События в Барселоне усугубили раскол среди прогрессистов и изоляцию регента. Из-за отчуждения гражданских лидеров прогрессистов, растущей ненависти «умеренных» и враждебности, проявленной некоторыми генералами, Эспартеро мог полагаться только на поддержку своих приспешников. Выход был только один — роспуск кортесов и организация новых выборов, которые на сей раз оставили его в меньшинстве. Не зная, как поступить в такой небывалой ситуации, Эспартеро распустил только что избранные кортесы и назначил новые выборы, что послужило его противникам сигналом к действию. В результате коалиция недовольных, от прогрессистов до либералов, сплоченная благодаря участию генералов, положила конец регентству. Национальная милиция оказала сопротивление, но оно было сломлено в Торрехоне-де-Ардос, когда генерал Рамон Мария Нарваэс[293]
проложил себе дорогу в столицу. Вот теперь действительно началась новая эпоха.2. Покончить с революцией, построить государство:
эпоха господства «умеренных» (1844–1868)
В обстановке постоянных народных восстаний под руководством национальной милиции и непрекращавшихся гражданских и военных заговоров, в которой пребывала страна со времен падения Старого порядка (с 1830-х гг.), в среде «умеренных» и новых социальных элит возобладали чувство усталости и желание порядка. Ради установления порядка они были готовы пожертвовать в случае необходимости некоторой долей свободы, а то и всей свободой, как сказал после революций 1848 г. Доносо Кортес в своей знаменитой речи в защиту диктатуры. «Свобода и порядок» — вот лозунг, который повторялся после падения Эспартеро и прихода к власти партии «умеренных». Нужно было стабилизировать политическое положение, построить государство, создать государственную администрацию с нуля, составить и утвердить кодексы законов, обеспечить спокойные условия для коммерческой и предпринимательской деятельности, гарантировать право частной собственности, восстановить необдуманно разрушенные традиции, вернуть католической религии ее место в обществе, т. е. достичь во всех сферах общественной жизни состояния золотой середины. «Хотите покончить с революцией? — спрашивал в мае 1844 г. Жауме Балмес (Хайме Бальмес), священник, близкий к самому консервативному крылу партии “умеренных”. — Тогда уничтожьте проблемы, которые питают ее». Нет страны, говорил он, которая осталась бы спокойной в условиях, в которых пребывает Испания, где все временно, все ненадежно: нет ни абсолютной монархии, ни политического представительства, ни военной диктатуры, а только лишь смятение и неразбериха, обстановка чудовищной неопределенности, в которой отсутствуют какие-либо постоянные принципы, которая неподвластна никаким правилам. Необходимо покончить с временным положением, завершал Бальмес свою филиппику, необходимо создать государство.

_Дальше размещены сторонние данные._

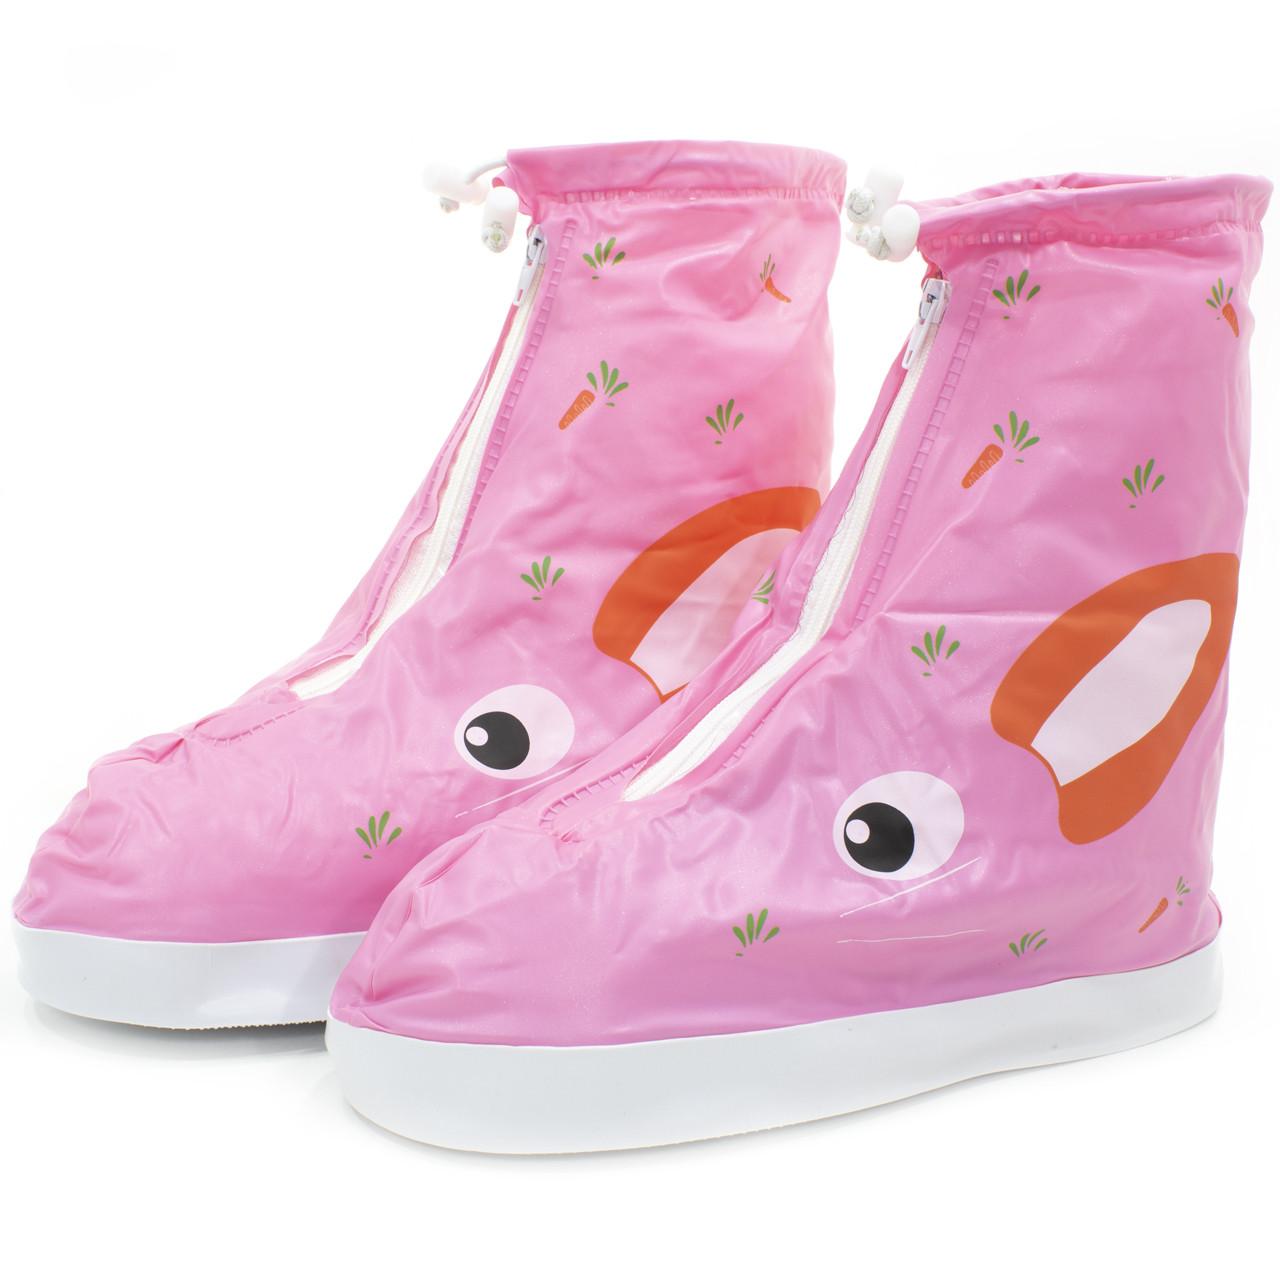 Детские резиновые бахилы Lesko на обувь от дождя Кролик розовый размер L многоразовые от грязи снега слякоти
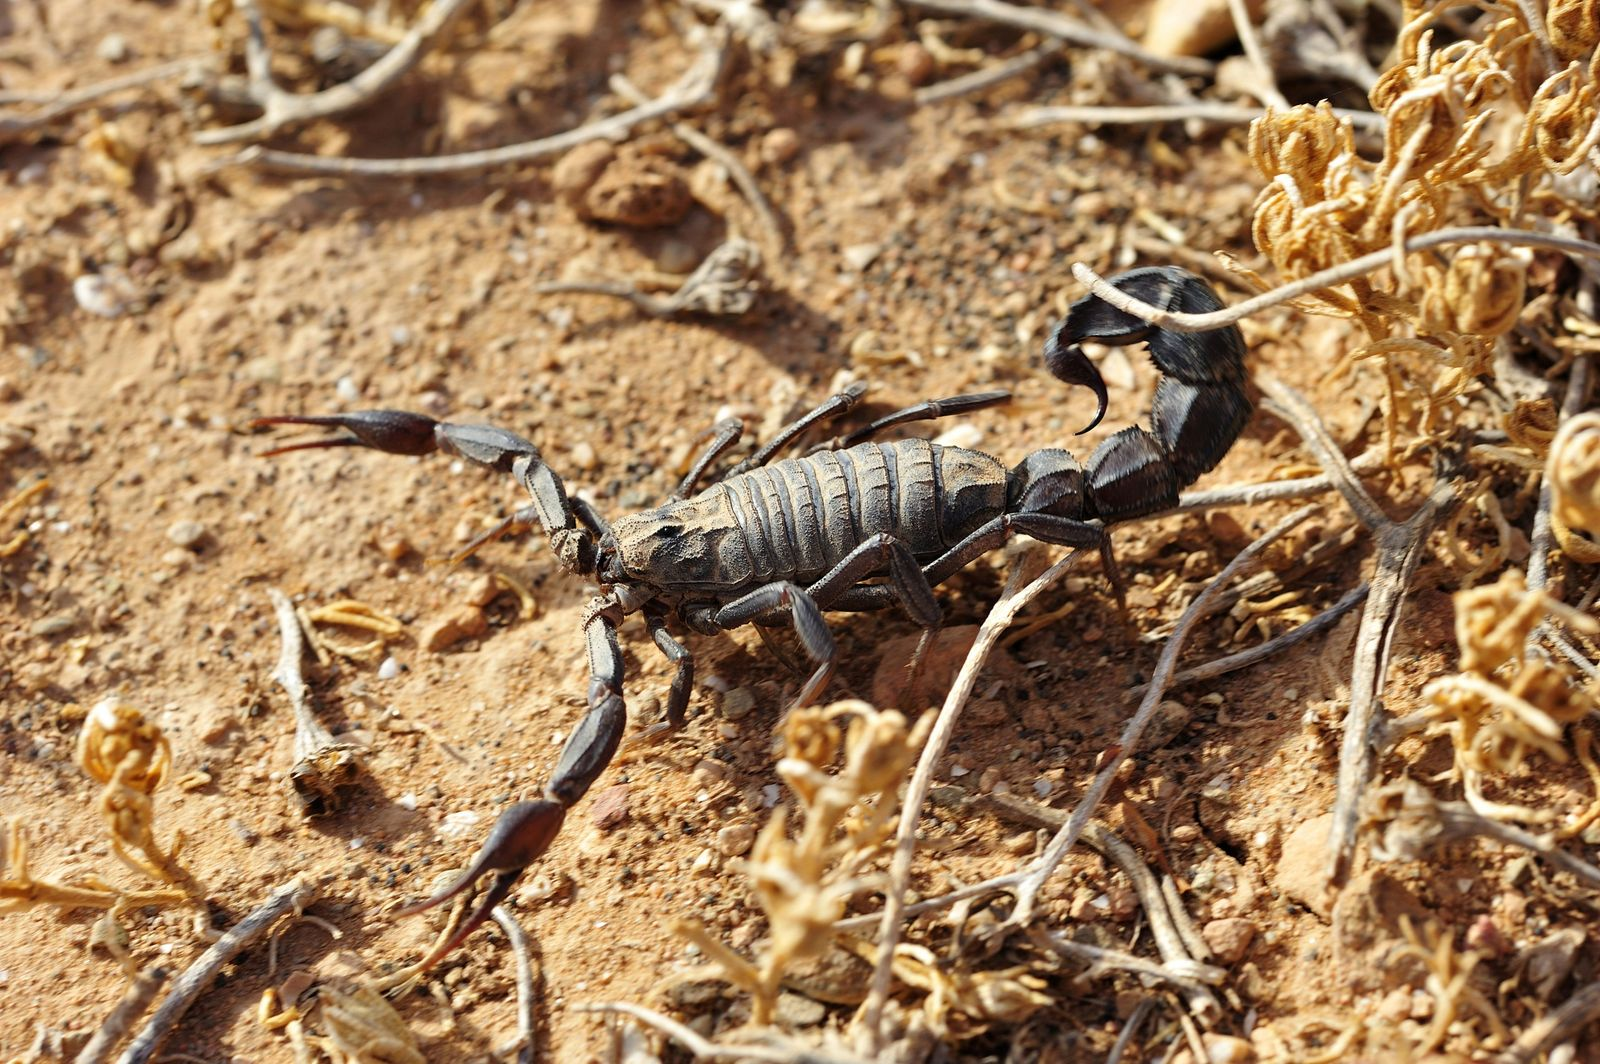 NICHT MEHR VERWENDEN! - Skorpion

Принципы, правила, стабильность правительства, государство — таковы были лозунги представителей новых социальных элит, созданных революцией. Они состояли из землевладельцев, обогатившихся за счет дезамортизации церковных земель; финансистов, воспользовавшихся стесненным состоянием государственной казны; семейств, владевших коммерческими учреждениями, связанными с валютным рынком; фабрикантов, стремившихся защитить свои доходы; титулованного дворянства, которое сохраняло свою собственность, но должно было справляться с угрожающим падением традиционных доходов и растущей задолженностью новых средних классов — чиновников, журналистов и представителей свободных профессий, открывших для себя путь в политику. Необходимо было положить конец революции, а для этого, как показывал пример Франции, лучше всего укрепить центральную власть и поощрять предпринимательскую деятельность. Идеология, на которой основывались эти представления, также имела французское происхождение — это был либерализм доктринеров[294]
, ведь следовало основать суверенитет не на воле народа или нации, а на воле кортесов совместно с королем. Такой принцип защищал порядок, а не свободу, приводил к централизации государства, а не способствовал развитию автономии его частей. Большая часть новых политических лидеров провела годы изгнания в Париже и хорошо усвоила уроки своих учителей. Теперь же, вернувшись в Мадрид, они сравнивали Испанию с Францией и делали свои выводы.